In this study, a new approach on the process optimization for microbial production of PDO was worked out. PDO was produced at a purity of 99 % from raw glycerol and a technical proof of concept was achieved by the demonstration in miniplant scale.

Unconventional optimization potential of the glycerol fermentation, such as the avoidance of sterilization or complex fermentation media components in connection with the strain C. pasteurianum K1, was successfully tackled.

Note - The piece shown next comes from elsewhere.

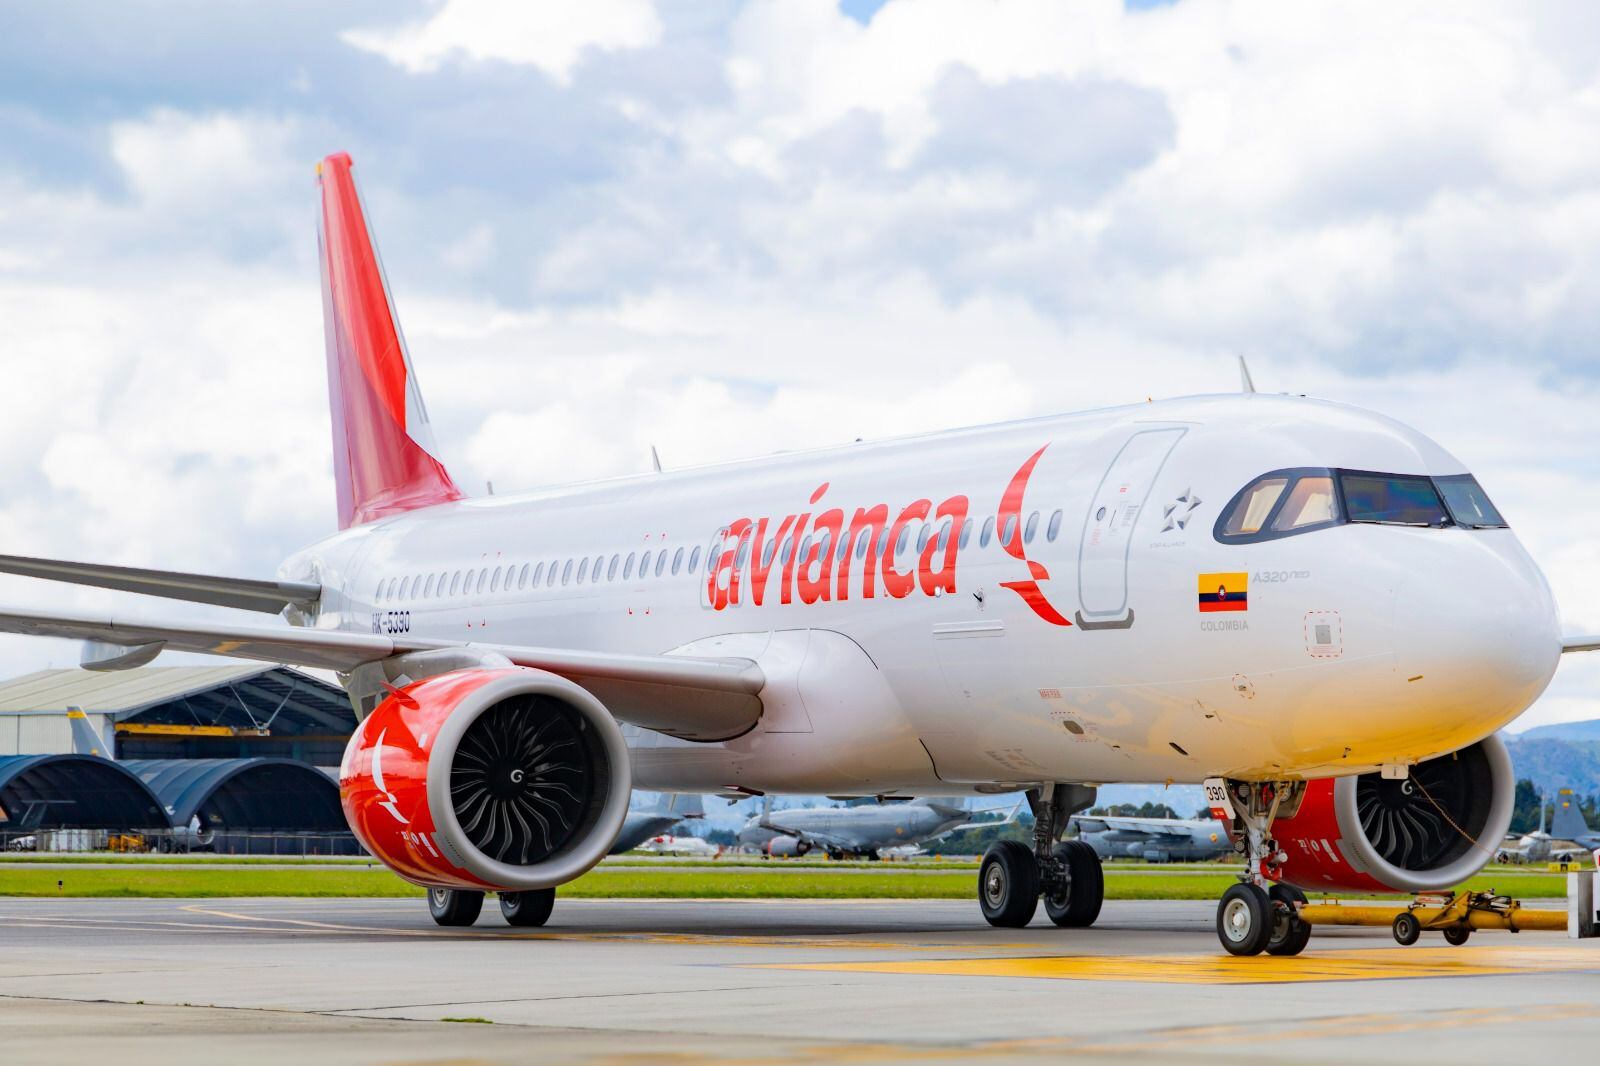 fechas y destinos: avianca lanzó una ‘oferta relámpago’ con vuelos desde $59.300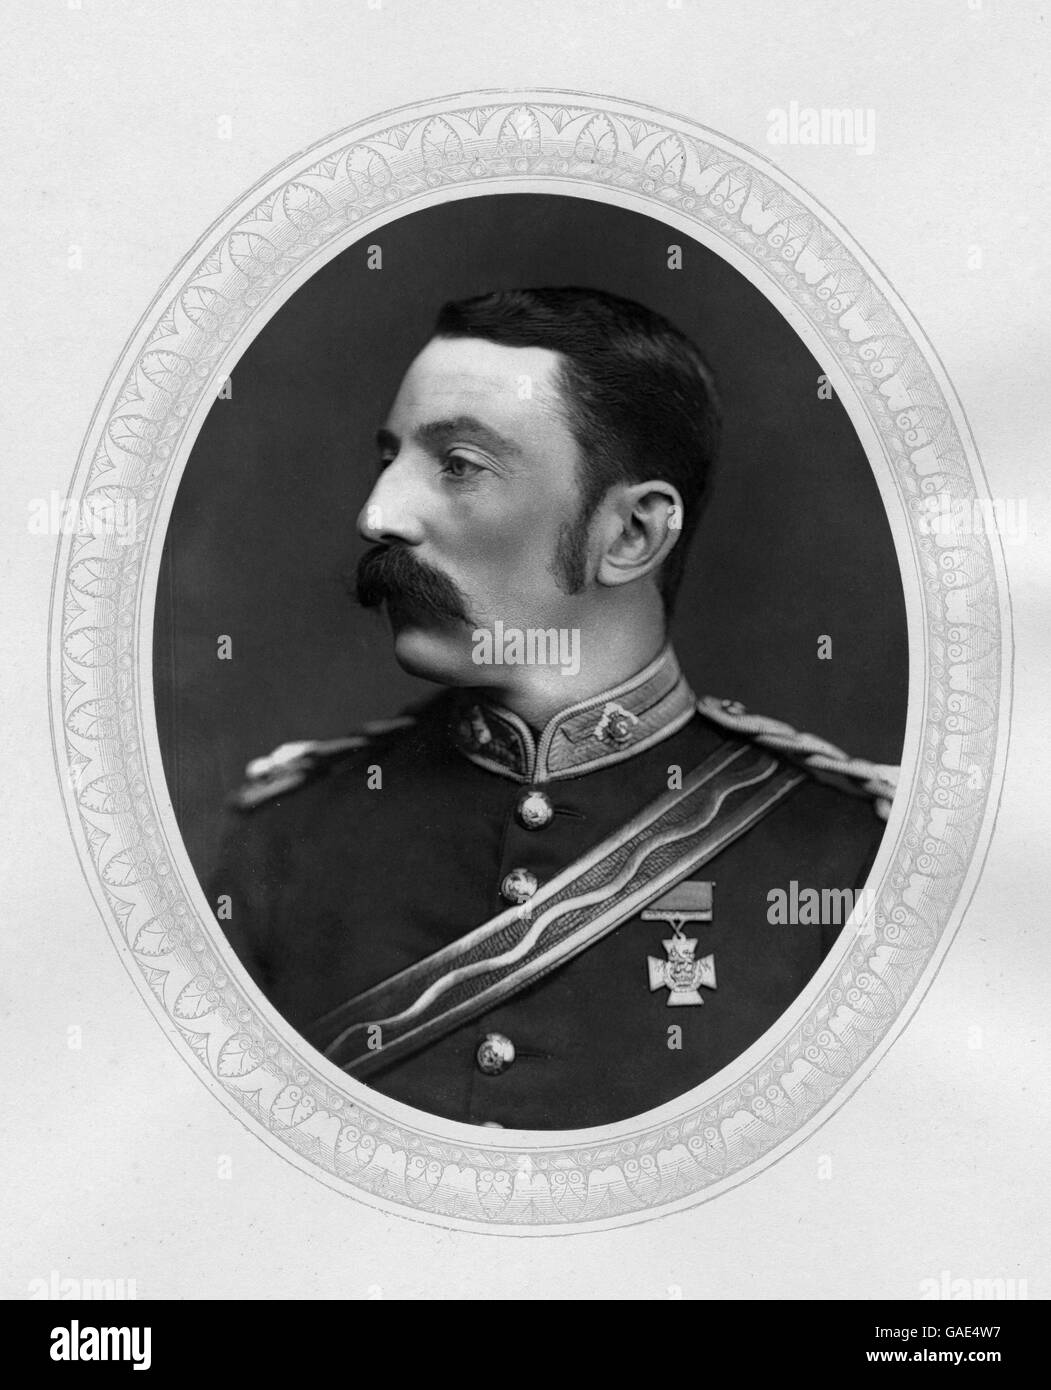 Le major Chard le colonel John Rouse Merriott Chard VC (21 décembre 1847 - 1er novembre 1897) est un soldat anglais qui a remporté la Croix de Victoria pour son rôle dans la défense de la dérive de Rorke en 1879. Banque D'Images

In contrast to other approaches, the work presented here concentrated on an integrated analysis of the process concept and the interaction of different unit operations. The advantage of this integrated process analysis became more obvious from a further aspect of the medium optimization for fermentation: the minimization of the salt content combined with the desalination of raw glycerol turned out to be a possibility to avoid salt precipitation in the later evaporation and distillation steps. Here also the use of ammonia in the fermentation was found to play an important role, as it does not only reduce the cost for the fermentation step, but also enhances separation efficiency of the fermentation by-products acetic acid and butyric acids. So, substrate pretreatment or fermentation parameter changes not only influence the fermentation itself, but may have a strong impact on the downstream process, too. Additionally, also interactions between individual downstream steps, such as the dependence of foam formation in the evaporation on the way of biomass separation were discovered.

Overall, these facts emphasize that process optimization might not lead to the optimal concept, if unit operations are only optimized separately. Thus, an integral analysis and optimization is of high importance in developing bioproduction systems.